Calculus 4 - by Vlad Vasilescu (W)

From the formula $(\frac{1}{x+a})^{(k)}=\frac{(-1)^kk!}{(x+a)^{k+1}}$ we get $f^{(k)}(1)=\frac{(-1)^kk!}{2^{k+1}}$ . Then , $a_{n}$ will be $\displaystyle \sum_{k=0}^n$ $\frac{1}{2^{k+1}} = \frac{1}{2} \frac{(\frac{1}{2})^n - 1}{\frac{1}{2} -1 }$ . $\Rightarrow$ $lim_{n\rightarrow \infty}$ $a_{n}$ = $\boxed{1} .$

\(\begin{array} {} f^{(0)} (x) = f(x) = (1+x)^{-1} & = 0!(f(x))^1 \\ f^{(1)} (x) = (-1)(1+x)^{-2} & = -(1!)(f(x))^2 \\ f^{(2)} (x) = 2(1+x)^{-3} & = 2!(f(x))^3 \\ f^{(3)} (x) = (-6)(1+x)^{-4} & = -(3!)(f(x))^4 \\ ... & = \ ... \end{array} \)

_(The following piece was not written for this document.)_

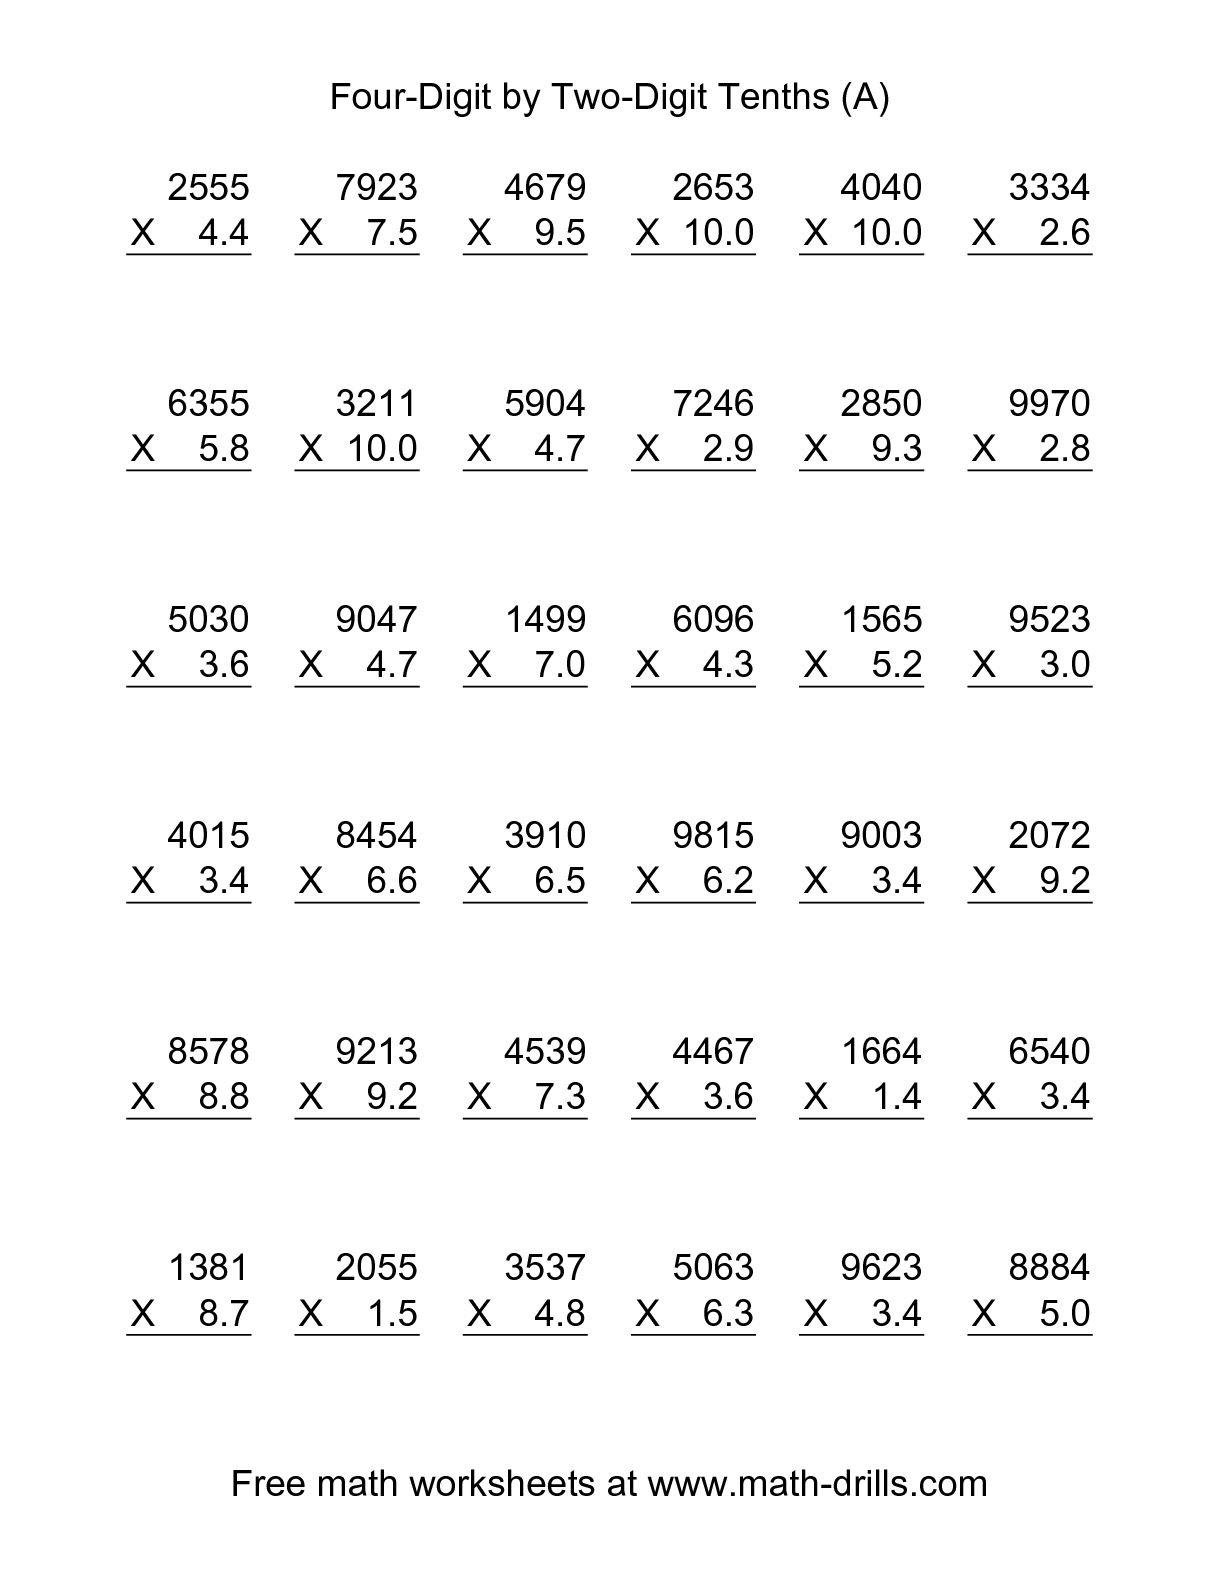 Multiplication Worksheets With Decimals : Cmediadrivers - Multiplying Decimals Free Printable Worksheets

$\implies f^{k} (x) = (-1)^kk!(f(x))^{k+1}$

Therefore, we have:

$\begin{aligned} a_n & = \sum_{k=0}^n \frac {(-1)^k}{k!} f^{(k)}(1) \\ & = \sum_{k=0}^n \frac {(-1)^k}{k!} (-1)^kk!(f(1))^{k+1} \\ & = \sum_{k=0}^n (f(1))^{k+1} \\ & = \sum_{k=0}^n \left(\frac 12 \right)^{k+1} \\ & = \frac 12 \times \frac 1{1-\frac 12} \\ & = \boxed{1} \end{aligned}$